As unified communications and BYOD become workplace reality, it is the support teams that are most affected. These technological trends are adding to the devices, applications and technologies that we need to support for our clients, and as such, the responsibilities of our support teams are becoming broader, deeper and more complex.

We are also seeing our customers demand a higher degree of professionalism from the people they call for assistance. Therefore, especially for technology companies such as ours, customer support is no longer a back-room function, as it may have been viewed in the past.

It is becoming a full front-line service that could be elevated to the same status as sales.

Accordingly, we have to practise what we preach when it comes to supporting our clients. It is not easy to win awards for service delivery or gain glowing recommendations, yet such commendations are precious differentiators - especially when so many are connected via social media, where there are far fewer secrets.
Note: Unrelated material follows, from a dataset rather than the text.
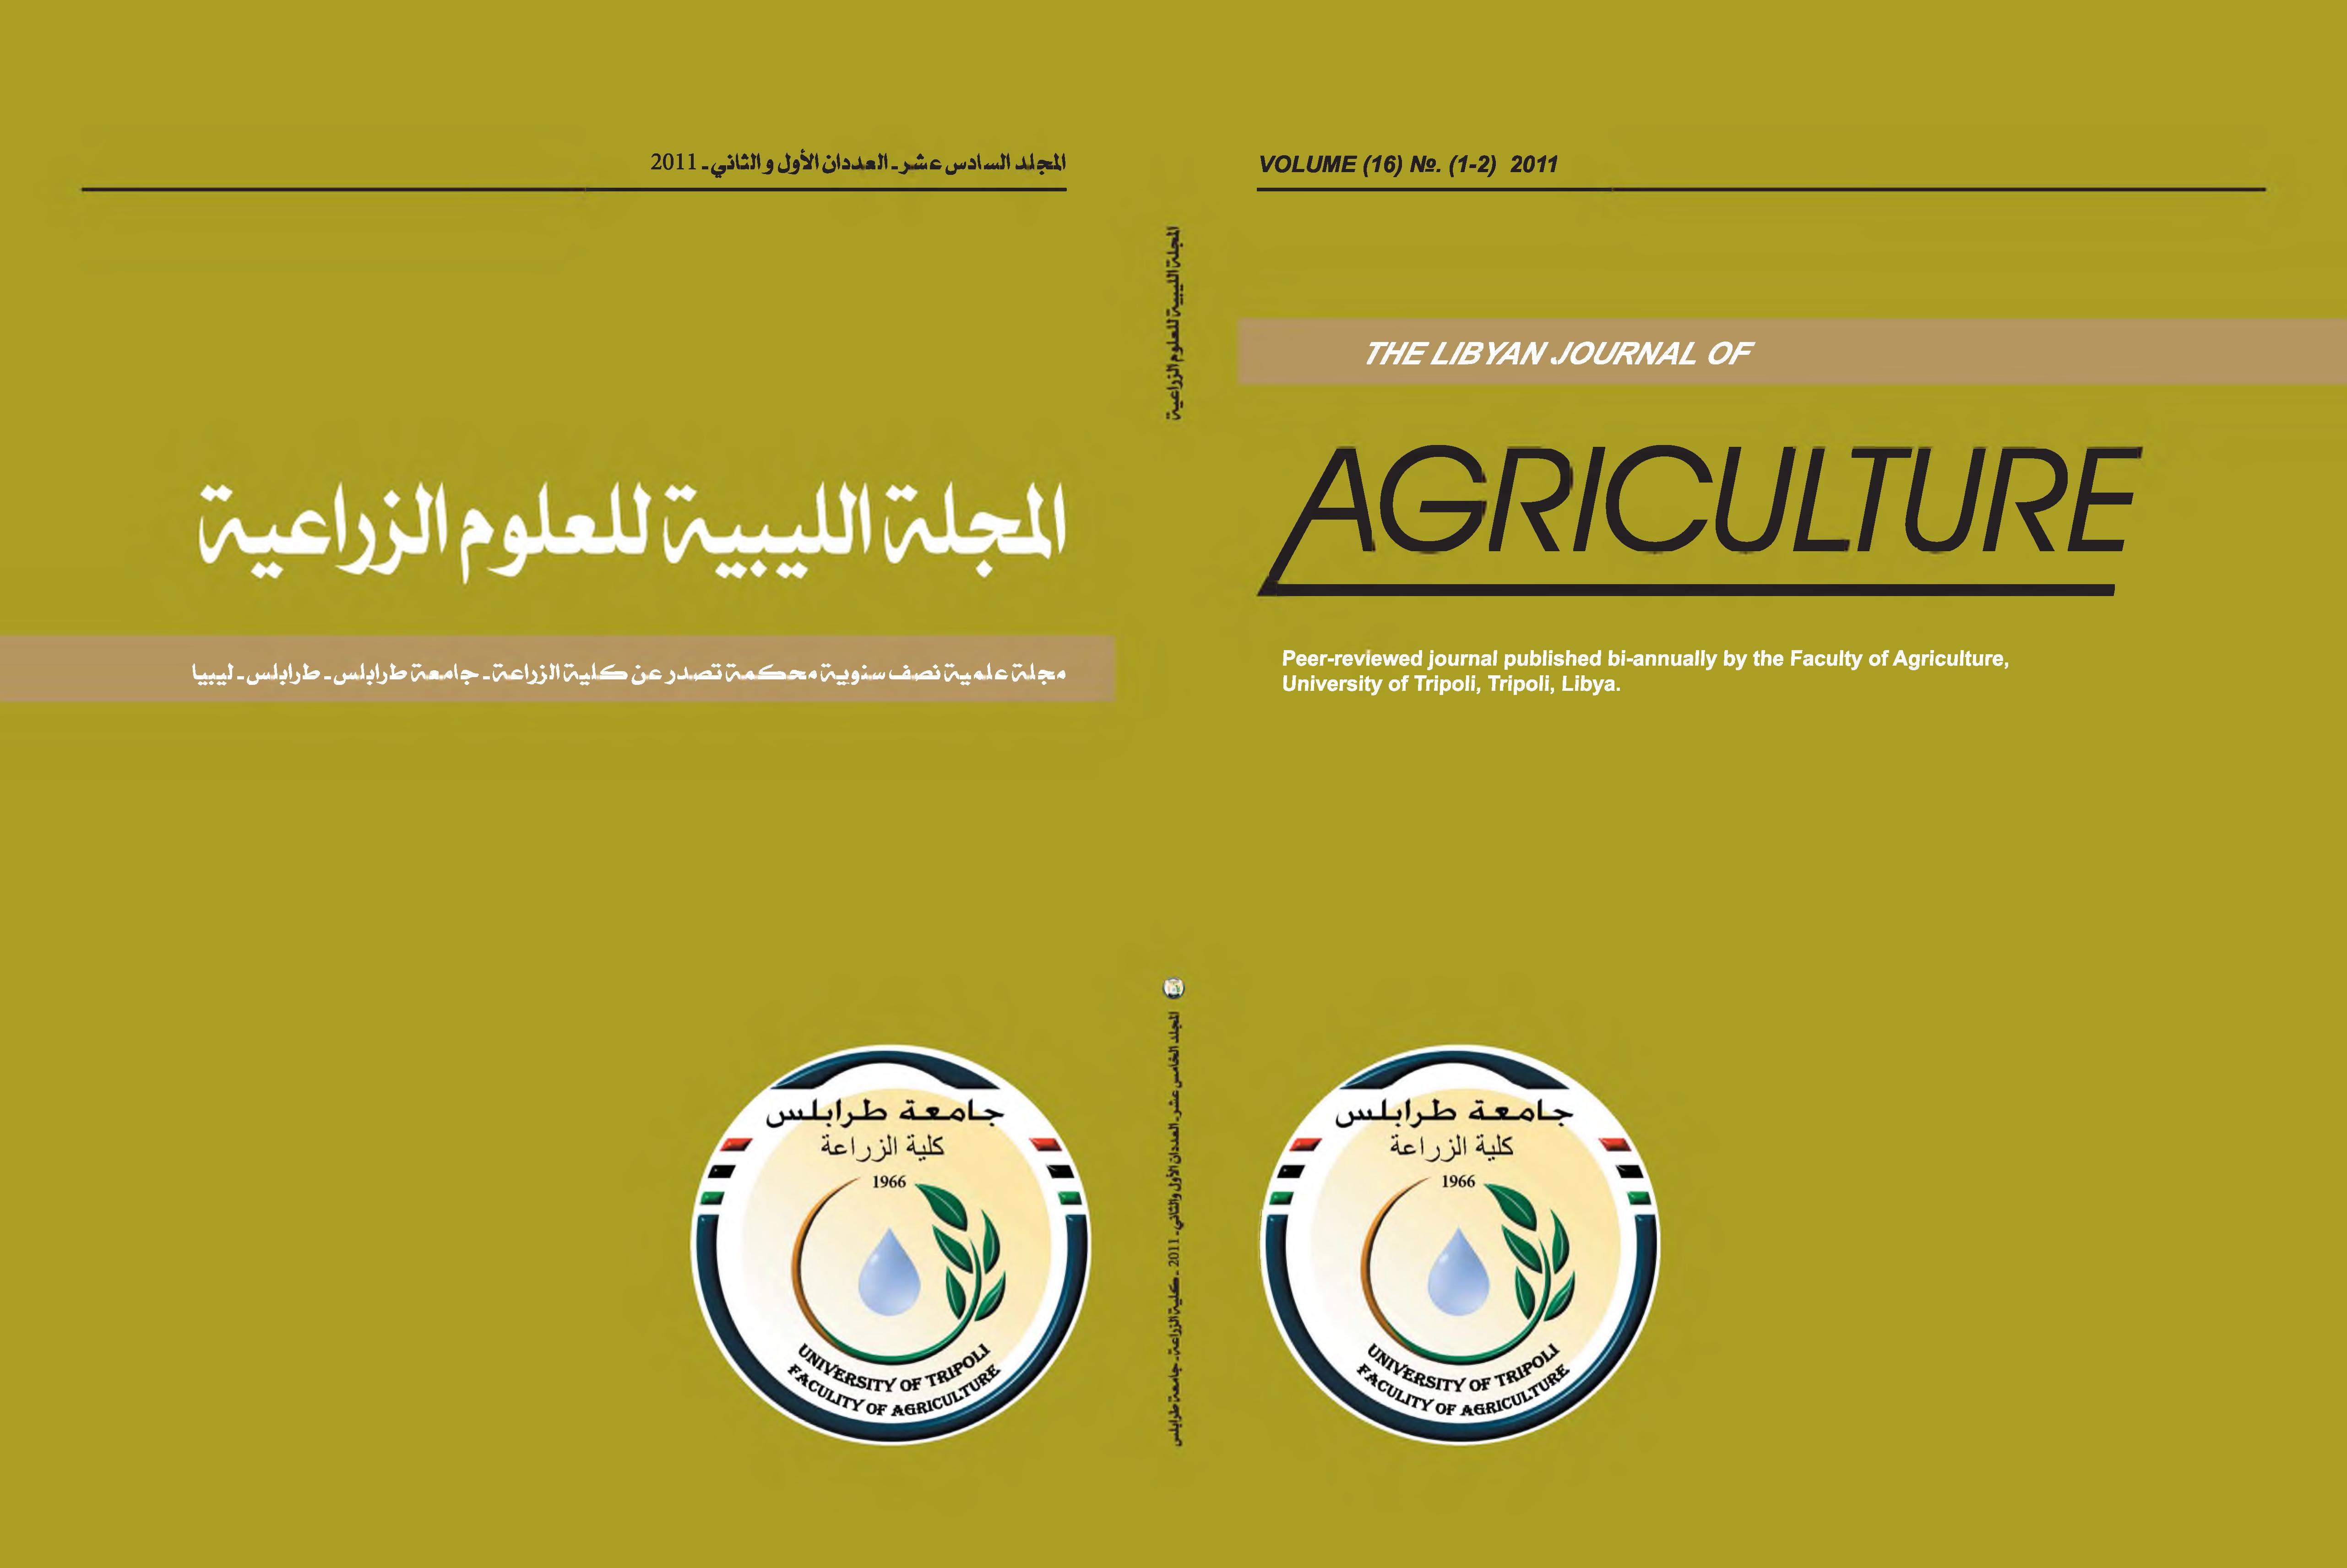 					View Vol. 18 No. 1-2 (2013): The Libyan Journal of Agriculture

For example, every disappointed customer is potentially a blogger, so it is much more difficult to maintain a reputation that does not truly reflect the service a company provides. This is another reason why, to be successful, we have to focus on delivering first-class service.

Just as the technology is becoming user-centric, so must the support. As well as maintaining racks of equipment in a datacentre somewhere, we may need to support an exec who is having difficulty with a corporate UC app on his or her personal iPad.

In addition to ensuring uptime and the availability of the technology, we are increasingly being held responsible for the user’s experience of that technology. We need to find ways of addressing these needs - rather than excluding them from our service responsibility.

Support also comes under deeper scrutiny in a tough economy. We are working in the most competitive business environment we have ever seen, and every company’s first objective is to take care of existing customers. This makes support mission-critical in a way it never was before.

Companies that do not recognise this or that fail to deliver on their service promises will lose to the competition. We are seeing that clients are expecting more service for their money, often insisting on stringent service-level commitments. Clients are measuring performance and value through the attainment (or otherwise) of those service levels, and will use poor performance as a reason to move their business to higher-performing or lower-cost alternative suppliers.

Meanwhile, vendors are offering new tools that help with collaboration, contact centre and customer interaction, desktop video and so on. Some of these will suggest new ways of sharing and doing business with our clients.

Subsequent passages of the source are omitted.